You are viewing a plain text version of this content. The canonical link for it is here.
Posted to user@pig.apache.org by James Kebinger <jk...@gmail.com> on 2009/12/09 00:12:22 UTC

CSV format loader

Hi all, I realized a week or two ago that PigStorage(',') wasn't adequate to
parse files that had commas embedded in properly CSV quoted fields.

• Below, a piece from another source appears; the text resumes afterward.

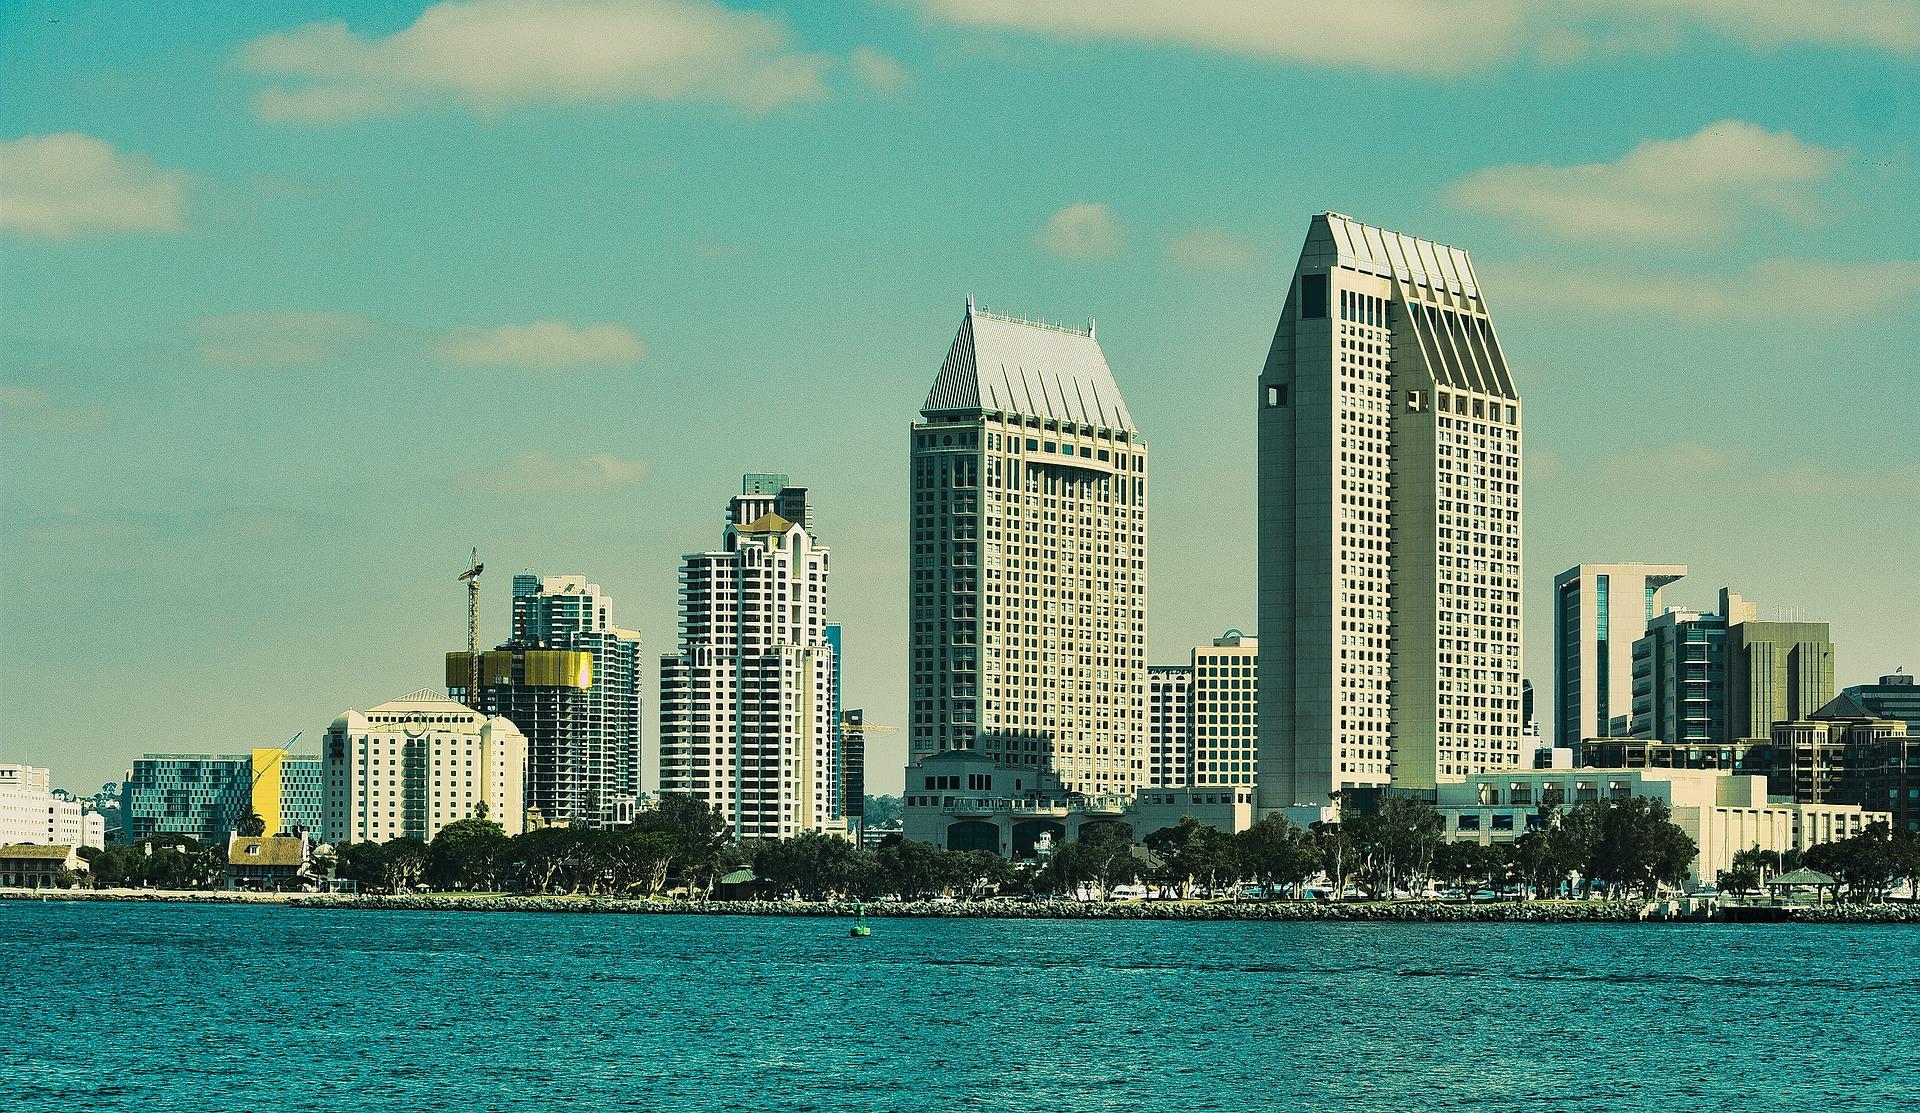 San Diego | DigiNo | 10 Best Locations For Digital Nomads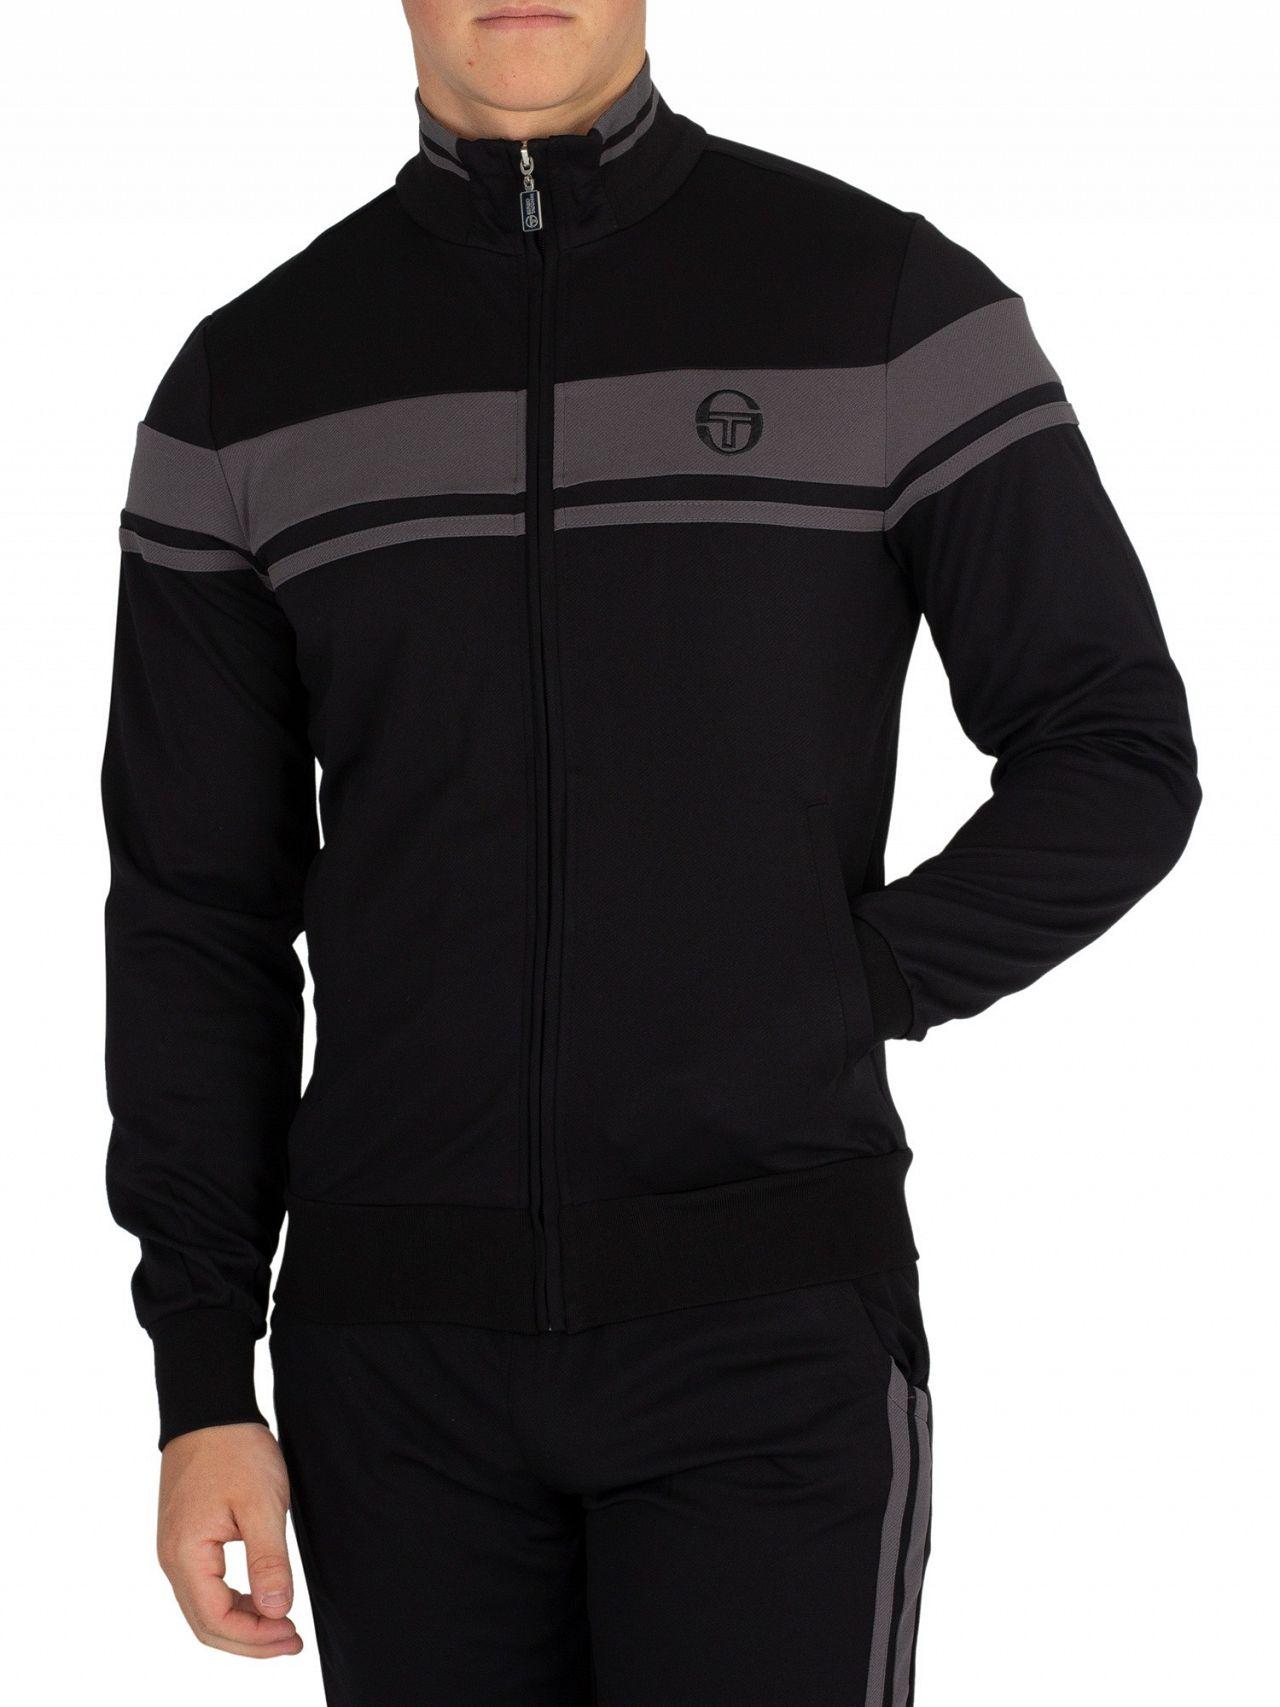 c164b354 Sergio Tacchini Black/Grey Damarindo Pinstripe Track Jacket | Standout

I went ahead and built a CSV parser for pig 0.3 that deals with embedded
quotes (but not embedded newlines). Its up on github:
http://github.com/jkebinger/pig-user-defined-functions/tree/master/src/com/kebinger/pig/storage/

What I want to know is - is there interest in having this in the PiggyBank?
I'm happy to upgrade it to be compatible w/ the current pig version and
write some tests if there's interest.

thanks

-james

Re: CSV format loader

Posted by Matteo Nasi <ma...@gmail.com>.
yes  please, very useful ;-)


On Wed, Dec 9, 2009 at 2:03 AM, Amr Awadallah <aa...@cloudera.com> wrote:

> +1
>
>
> On 12/8/2009 5:02 PM, Alan Gates wrote:
>
>> Definitely.
>>
>> Alan.
>>
>> On Dec 8, 2009, at 3:12 PM, James Kebinger wrote:
>>
>> Hi all, I realized a week or two ago that PigStorage(',') wasn't adequate
>>> to
>>> parse files that had commas embedded in properly CSV quoted fields.
>>>
>>> I went ahead and built a CSV parser for pig 0.3 that deals with embedded
>>> quotes (but not embedded newlines). Its up on github:
>>>
>>> http://github.com/jkebinger/pig-user-defined-functions/tree/master/src/com/kebinger/pig/storage/
>>>
>>> What I want to know is - is there interest in having this in the
>>> PiggyBank?
>>> I'm happy to upgrade it to be compatible w/ the current pig version and
>>> write some tests if there's interest.
>>>
>>> thanks
>>>
>>> -james
>>>
>>
>>

Re: CSV format loader

Posted by Amr Awadallah <aa...@cloudera.com>.
+1

On 12/8/2009 5:02 PM, Alan Gates wrote:
> Definitely.
>
> Alan.
>
> On Dec 8, 2009, at 3:12 PM, James Kebinger wrote:
>
>> Hi all, I realized a week or two ago that PigStorage(',') wasn't 
>> adequate to
>> parse files that had commas embedded in properly CSV quoted fields.
>>
>> I went ahead and built a CSV parser for pig 0.3 that deals with embedded
>> quotes (but not embedded newlines). Its up on github:
>> http://github.com/jkebinger/pig-user-defined-functions/tree/master/src/com/kebinger/pig/storage/ 
>>
>>
>> What I want to know is - is there interest in having this in the 
>> PiggyBank?
>> I'm happy to upgrade it to be compatible w/ the current pig version and
>> write some tests if there's interest.
>>
>> thanks
>>
>> -james
>

Re: CSV format loader

Posted by Alan Gates <ga...@yahoo-inc.com>.
Definitely.

Alan.

On Dec 8, 2009, at 3:12 PM, James Kebinger wrote:

> Hi all, I realized a week or two ago that PigStorage(',') wasn't  
> adequate to
> parse files that had commas embedded in properly CSV quoted fields.
>
> I went ahead and built a CSV parser for pig 0.3 that deals with  
> embedded
> quotes (but not embedded newlines). Its up on github:
> http://github.com/jkebinger/pig-user-defined-functions/tree/master/src/com/kebinger/pig/storage/
>
> What I want to know is - is there interest in having this in the  
> PiggyBank?
> I'm happy to upgrade it to be compatible w/ the current pig version  
> and
> write some tests if there's interest.
>
> thanks
>
> -james